Je suis revenu aujourd'hui au cinéma français avec un film qui fut réalisé par Philippe Fourastié et sorti en salle en 1968...eh oui, 1968, une autre période de grande turbulence...un cinéma à la bonne franquette que je qualifierais de fumeux ou de truculent: il s'agit de La Bande à Bonnot qui réunit une pléiade de merveilleux acteurs que les cinéphiles, amateurs de cinéma français, connaissent bien: Bruno Cremer, Jacques Brel, Annie Girardot, Jean-Pierre Kalfon, François Dyrek, Dominique Maurin, Michel Vitold, Nella Bieski, Armand Mestral et Pascal Aubier, avec aussi la participation de Fred Personne et de Marc Dudicourt.

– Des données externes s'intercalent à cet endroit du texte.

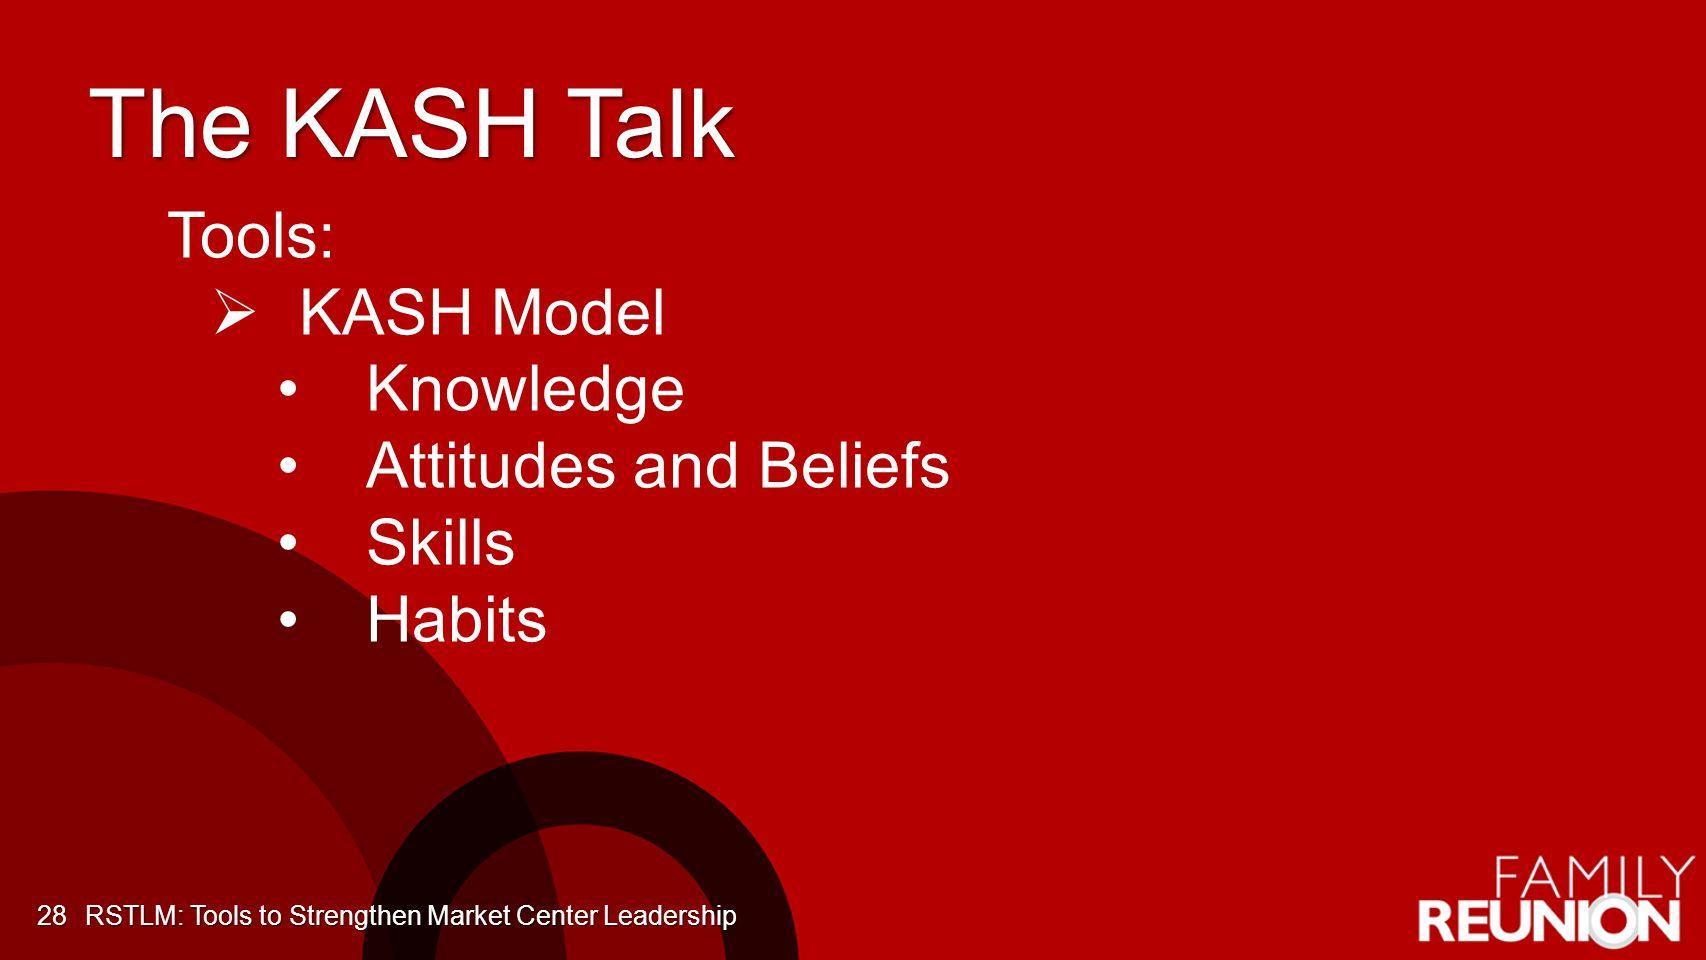 The KASH Talk Tools: KASH Model Knowledge Attitudes and Beliefs Skills

Bruno Cremer est parfaitement à l'aise dans le rôle de Jules Bonnot, mais bien plus mal à l'aise en chef d'une bande d'anarchistes aux réactions souvent imprévisibles. Michel Vitold joue le rôle de Victor Kilbatchiche, un révolutionnaire libertaire et écrivain francophone, né en Belgique de parents russes émigrés politiques. Il défend la belle parole et la non-violence, au point qu'il finira par lasser Raymond Callemin, plus connu sous le nom de Raymond La Science, avide d'action et las des belles théories, incarné par un Jacques Brel tout en truculence, avec le verbe haut et la rhétorique colorée. La présence d'Annie Girardot est fort sympathique, néanmoins nous lui découvrirons des rôles qui mettront mieux en valeur ses talents d'actrice. La musique est cosignée par François Rauber & Jacques Brel. Il y en a en fait très peu dans le film, si ce n'est quelques thèmes de circonstance entendus dans une maison close ou un restaurant. C'est au générique-fin qu'elle prend un peu d'ampleur dramatique.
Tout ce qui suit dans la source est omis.